PROBLEM REQUIREMENTS
Write out the data exactly as given, dropping every picture.

COLLECTED DATA
□ □ □ □

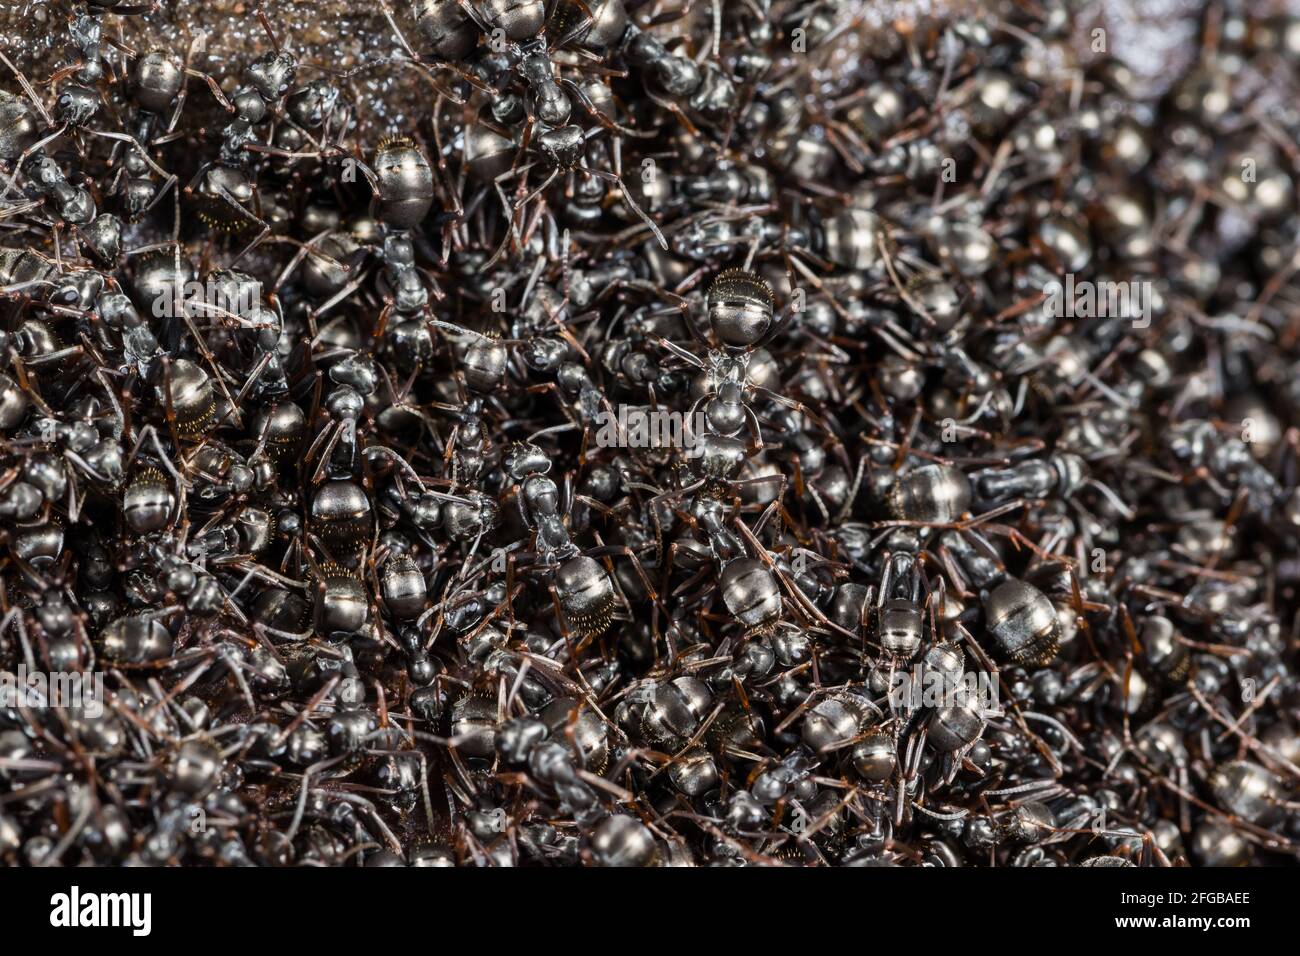 Black-colored ants in their nest (Formica fusca) Stock Photo
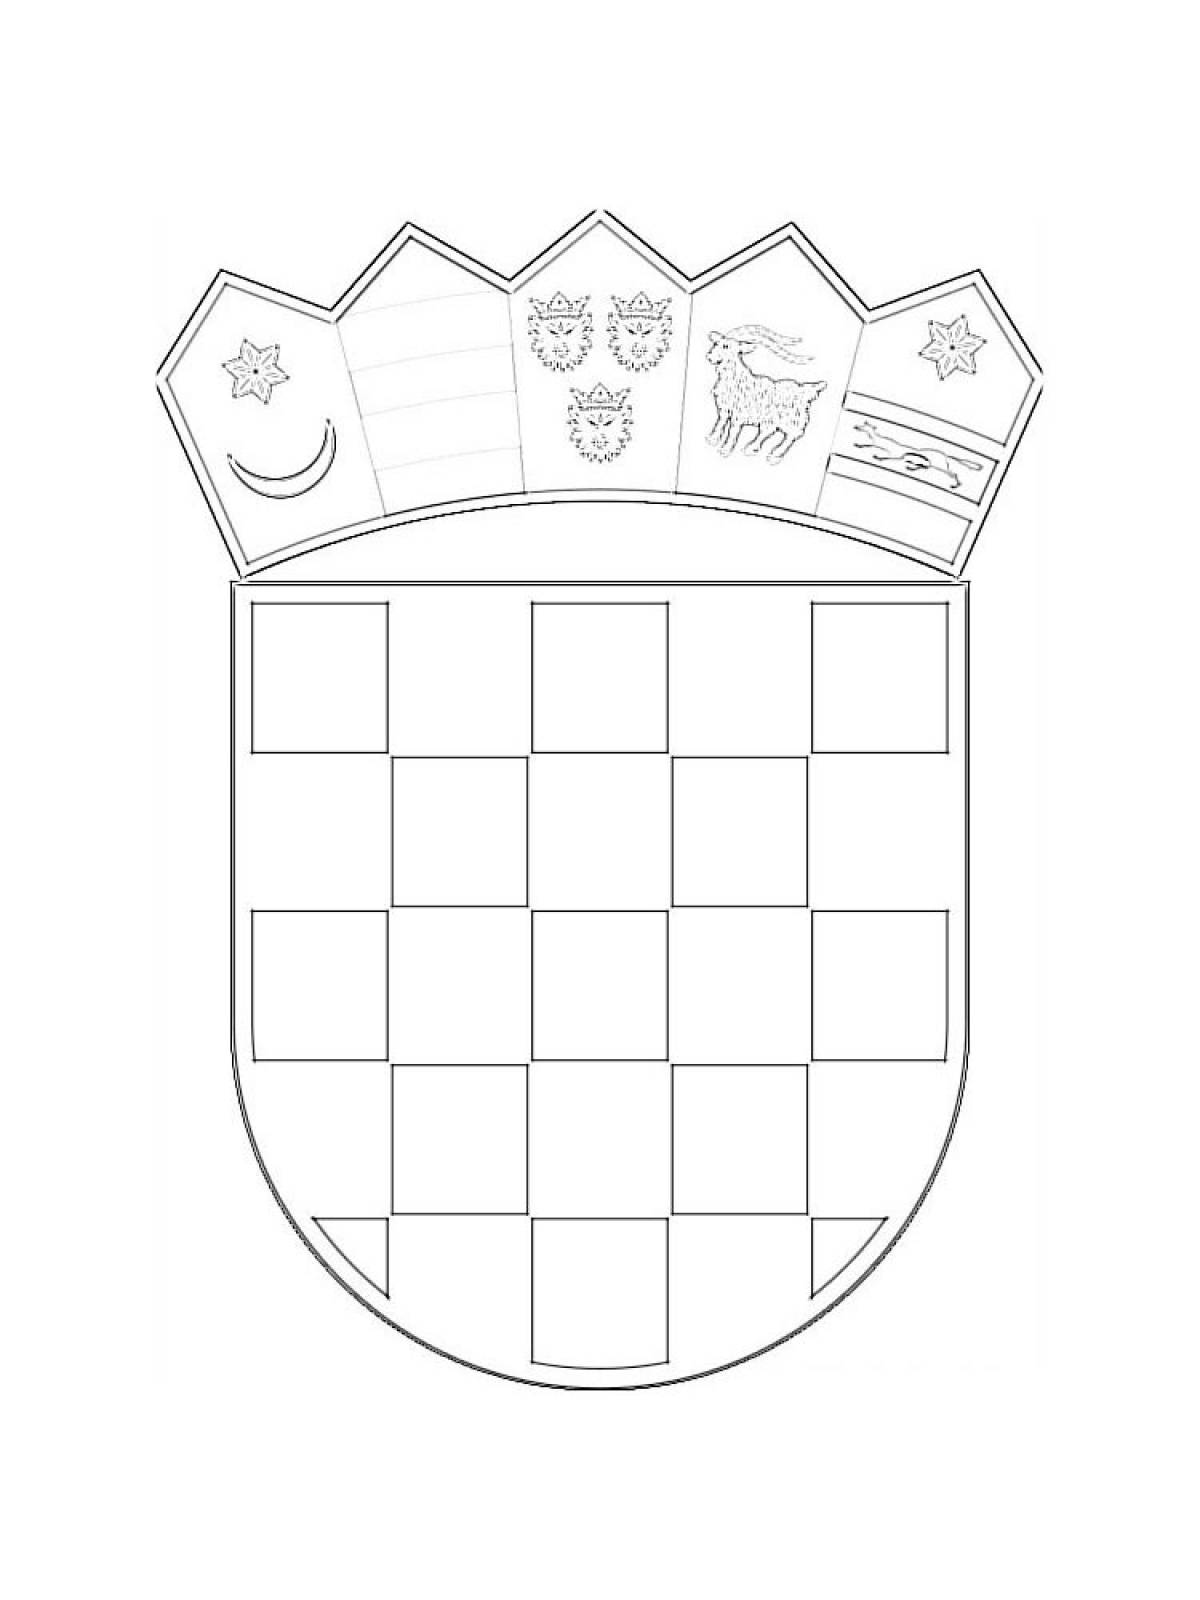 Coats of arms coloring page
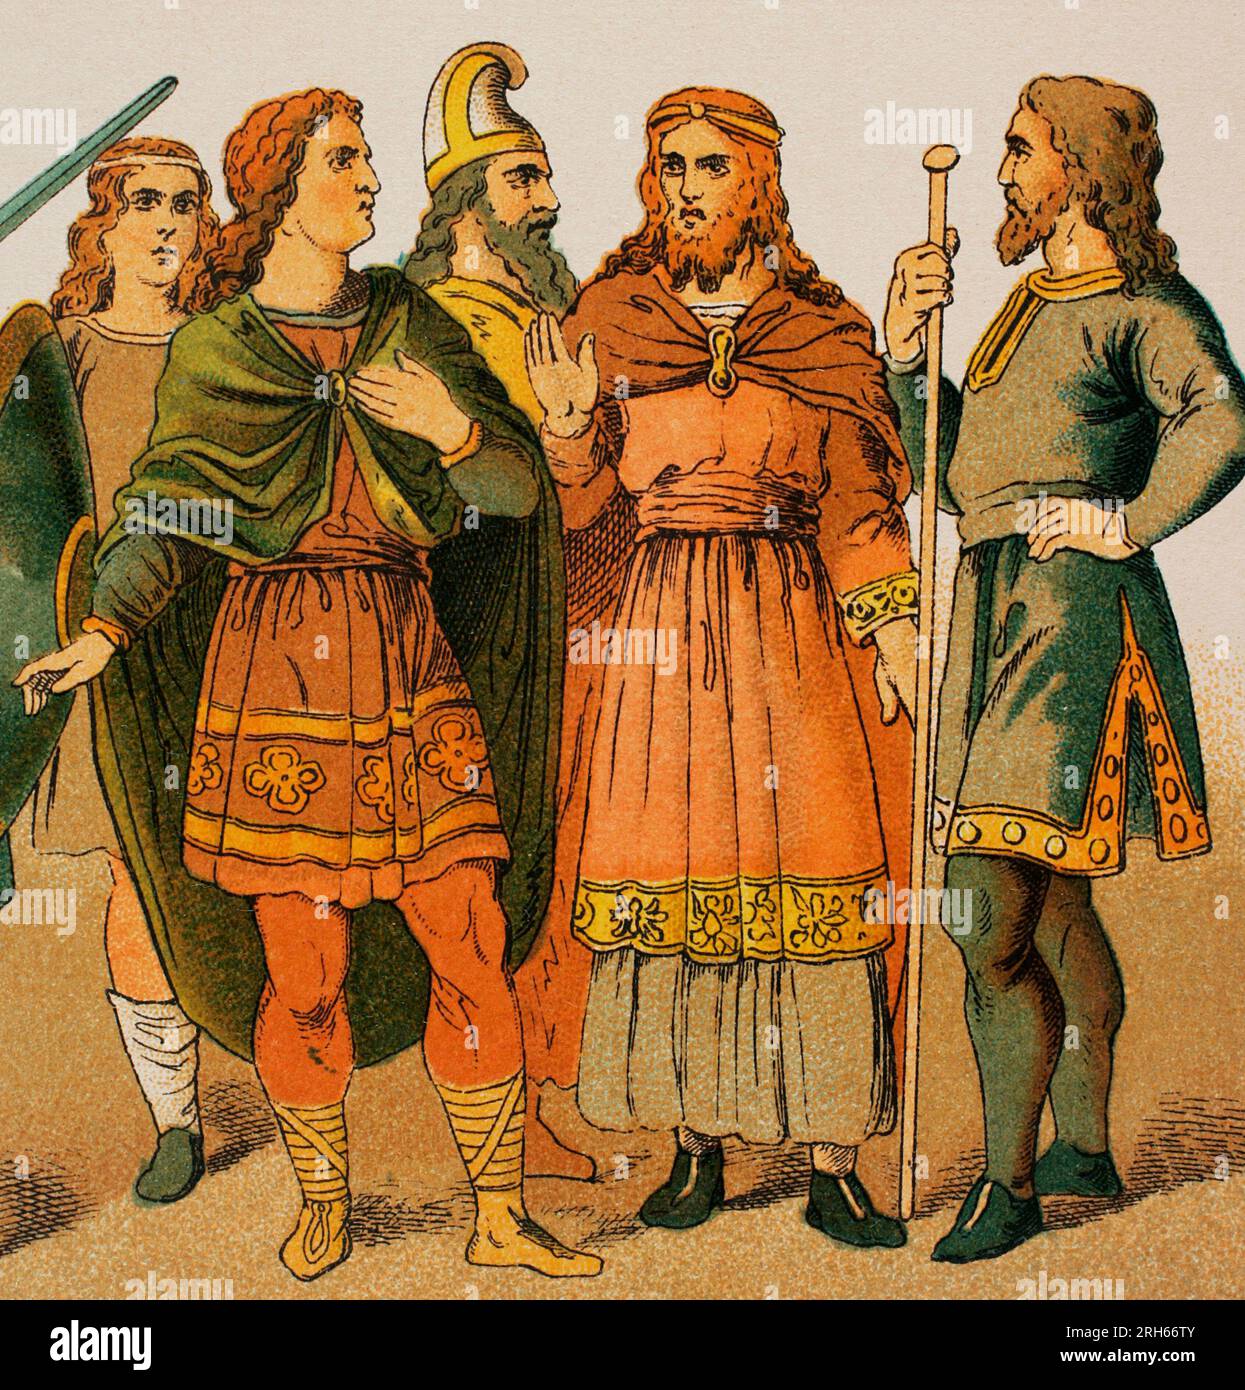 Anglo-Saxons (500-1000). Nobles. Chromolithography. 'Historia Universal' (Universal History), by Cesar Cantu. Volume IV. Published in Barcelona, 1881. Stock Photo
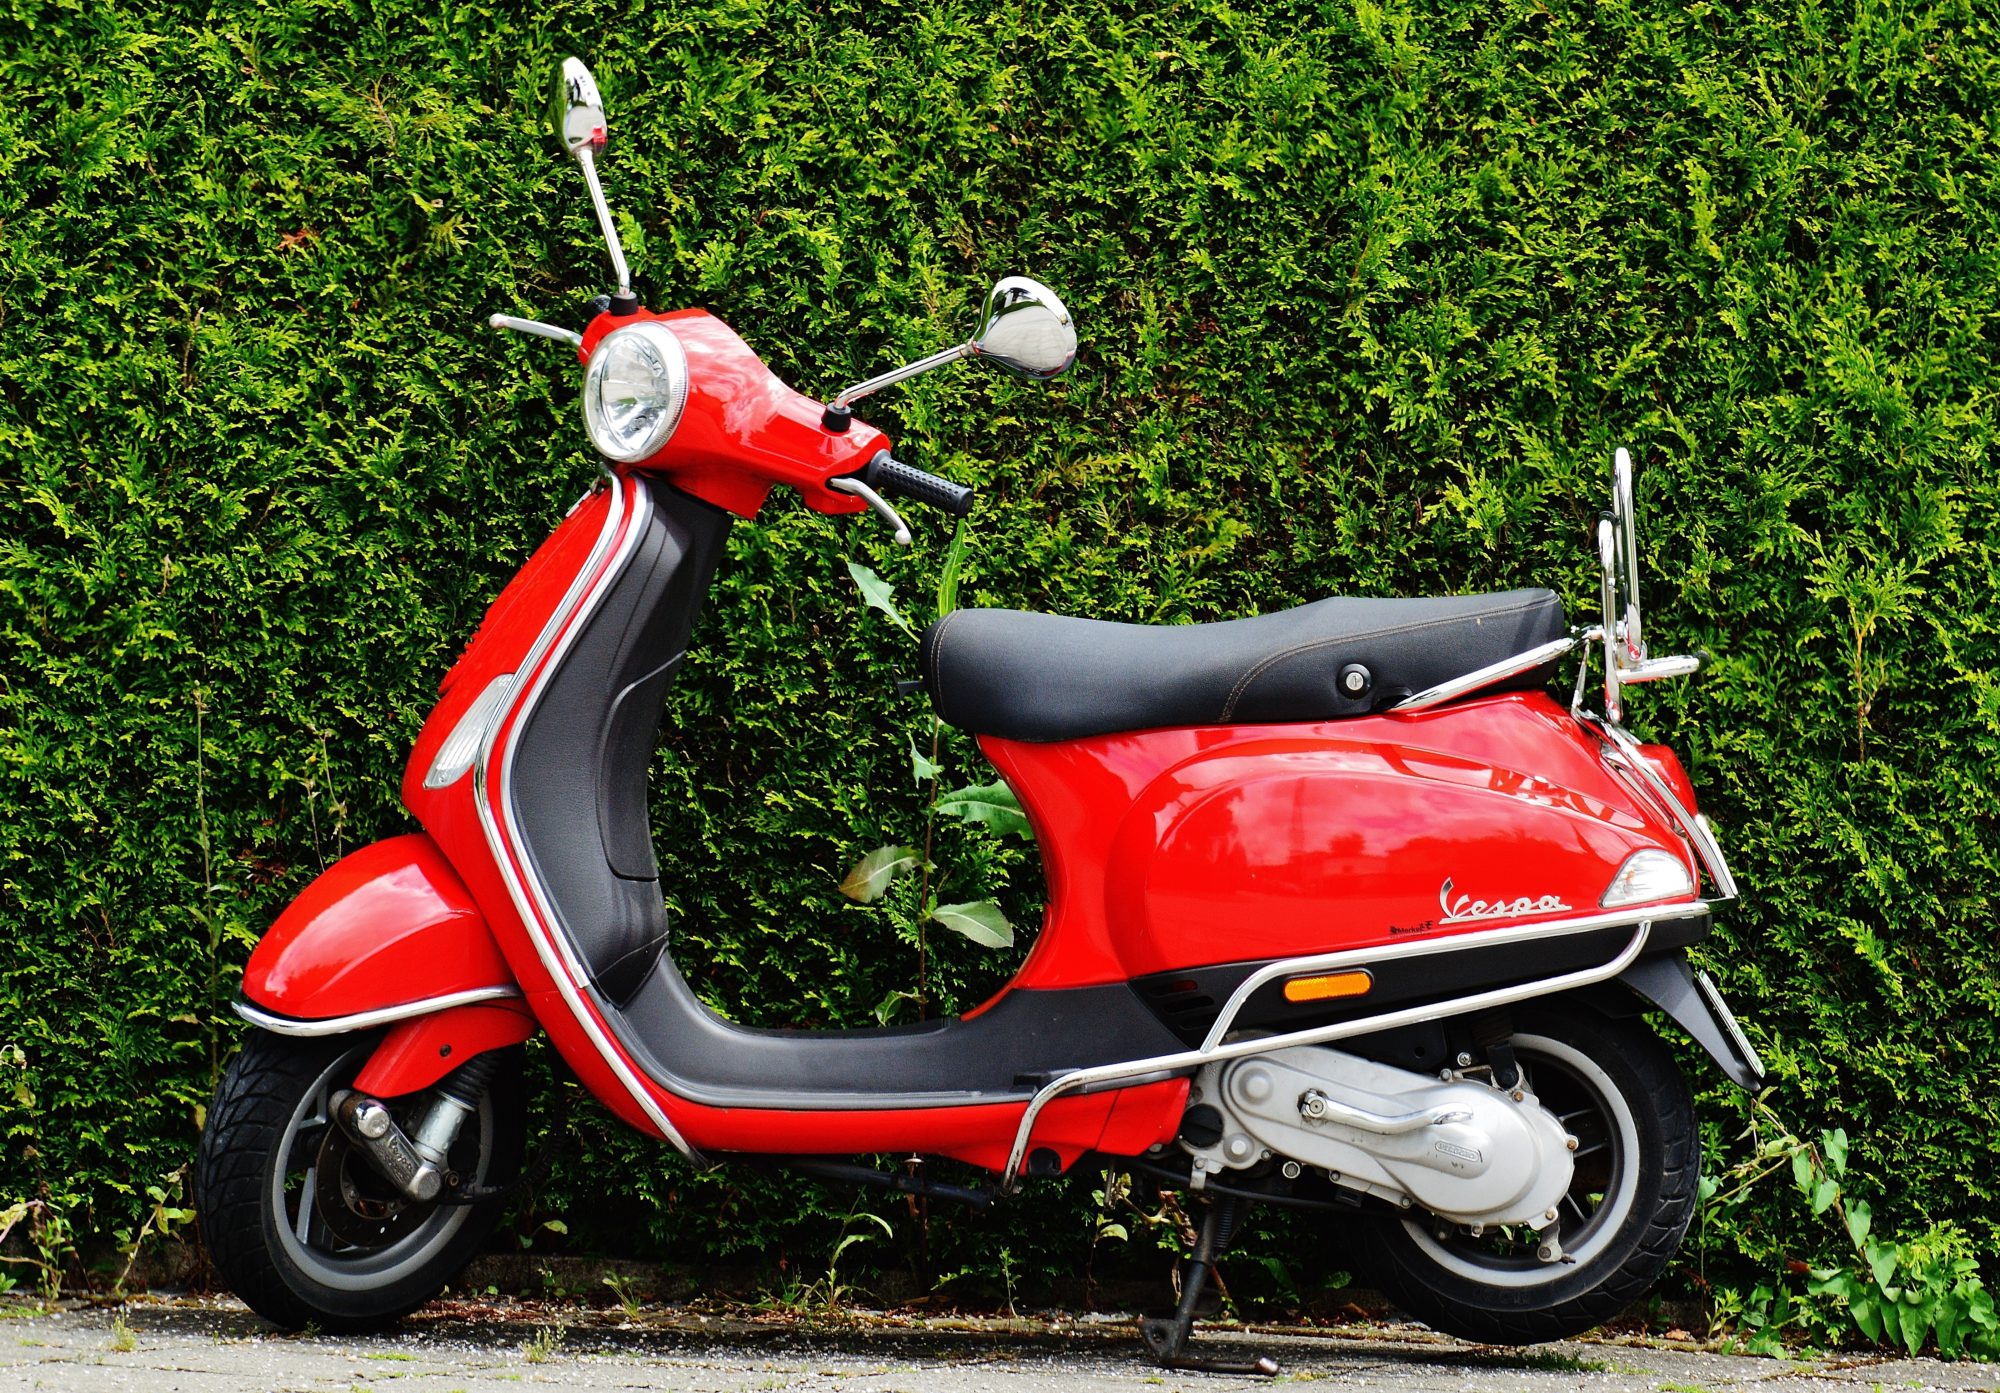 red-and-black-moped-scooter-beside-green-grass-159192

□ □ □ □

SOLUTION FOR THIS TASK
 Black-colored ants in their nest (Formica fusca) Stock Photo
 Coats of arms coloring page
 Anglo-Saxons (500-1000). Nobles. Chromolithography. 'Historia Universal' (Universal History), by Cesar Cantu. Volume IV. Published in Barcelona, 1881. Stock Photo
 red-and-black-moped-scooter-beside-green-grass-159192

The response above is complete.